The peaks 3, 4, 5, and 6 had their identity confirmed as, respectively, isoorientin tR Peaks 1 tR Applying the systematic analyses carried out by Ferreres and coworkers [ 3132 ], it was possible to identify the compounds as schaftoside and isoschaftoside flavonoid, respectively.
According to such report, preferential fragmentation is of the sugar moiety at the 6- C rather than the 8- C position. Considering the preferential fragmentation at the C -6 position, chromatographic signal 1 corresponded to the isoschaftoside flavonoid and chromatographic signal 2 corresponded to the schaftoside flavonoid.
Furthermore, peaks 3, 4, 5, and 6 were confirmed as isoorientin, orientin, vitexin, and isovitexin as suggested by the coinjection performed with these standards see Section 3. All the signals present in Table 1 are in full agreement with the previous published data. The subcutaneous injection of B. All doses of the J. This result can be seen with the decrease in hemorrhagic halo weight and with the visual decreased halo diameter, in each dose tested.
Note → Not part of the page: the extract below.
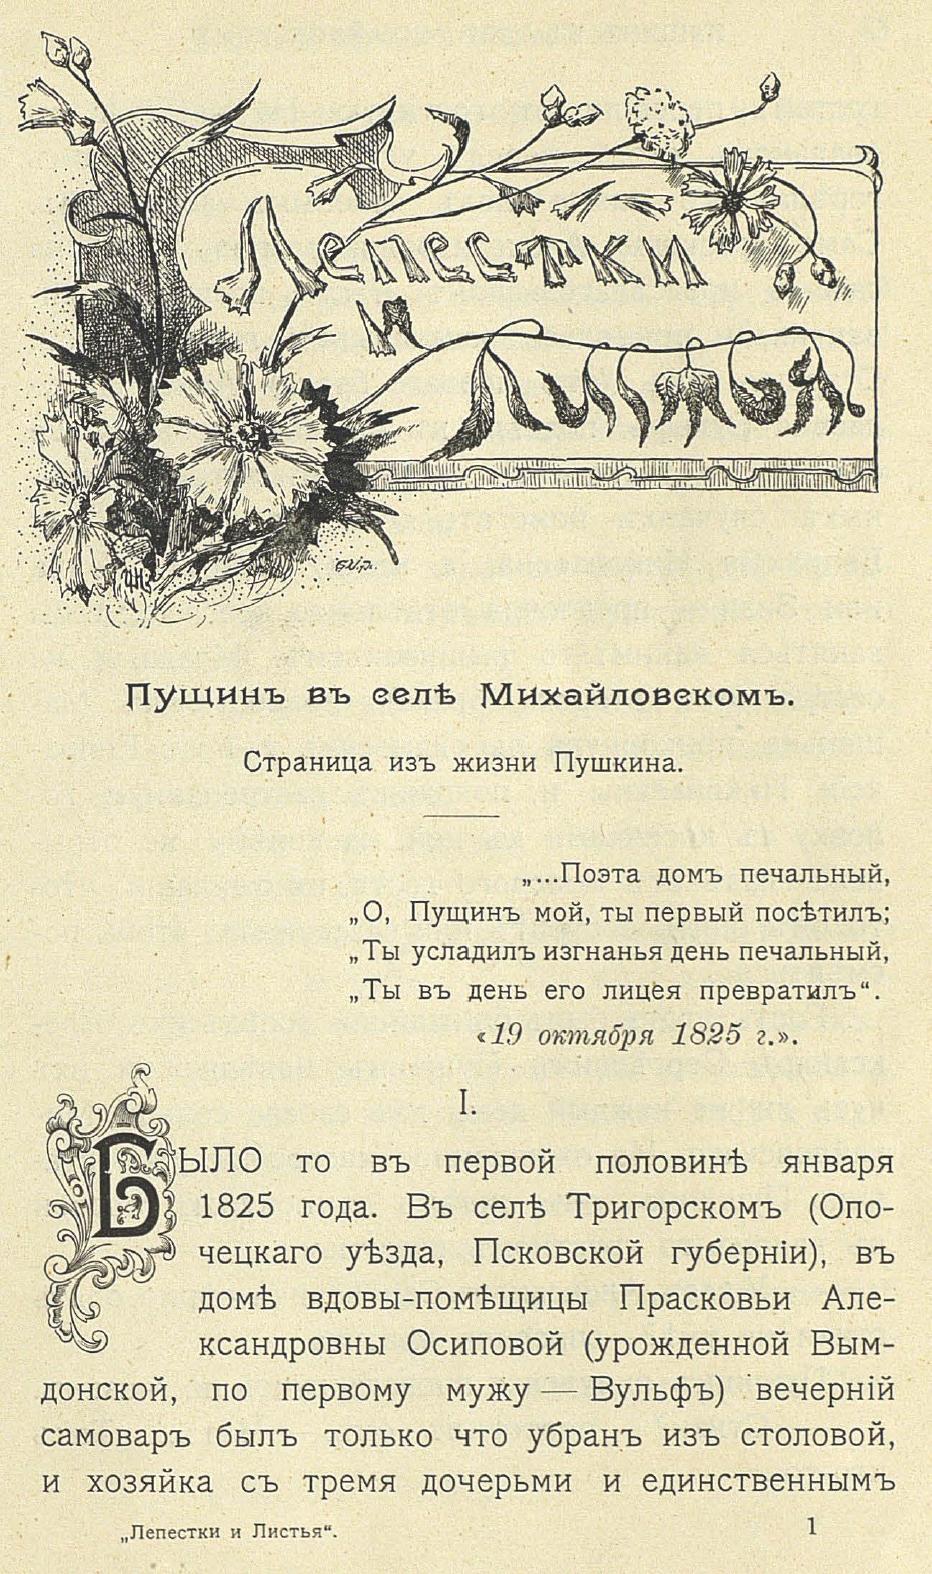 http://images.vfl.ru/ii/1407086344/8dab2ae3/5887720.jpg

On the other hand, for B. A lower dose of the B. The treatment with dexamethasone significantly reduced the edema induced by both venoms. It could be observed that the J. Maximum inhibition for dexamethasone was Leukocyte infiltration was evaluated in the peritoneal cavity at the time of 4 hours after the intraperitoneal injection of the venoms. The group with the injected venoms showed an increase in the number of white cells compared to the control PBS group count.
Figures 5 a and 5 b show the total number of leukocytes in the peritoneal cavity of the animals treated with the J. In both cases, all tested doses of molliszima J. The differential count of the leukocyte infiltration was evaluated. All the results show that the animals treated with the J. Jatrropha with dexamethasone reduced serum CK induced by these venoms.
Table 2 summarizes the maximum percentage of inhibition of the J.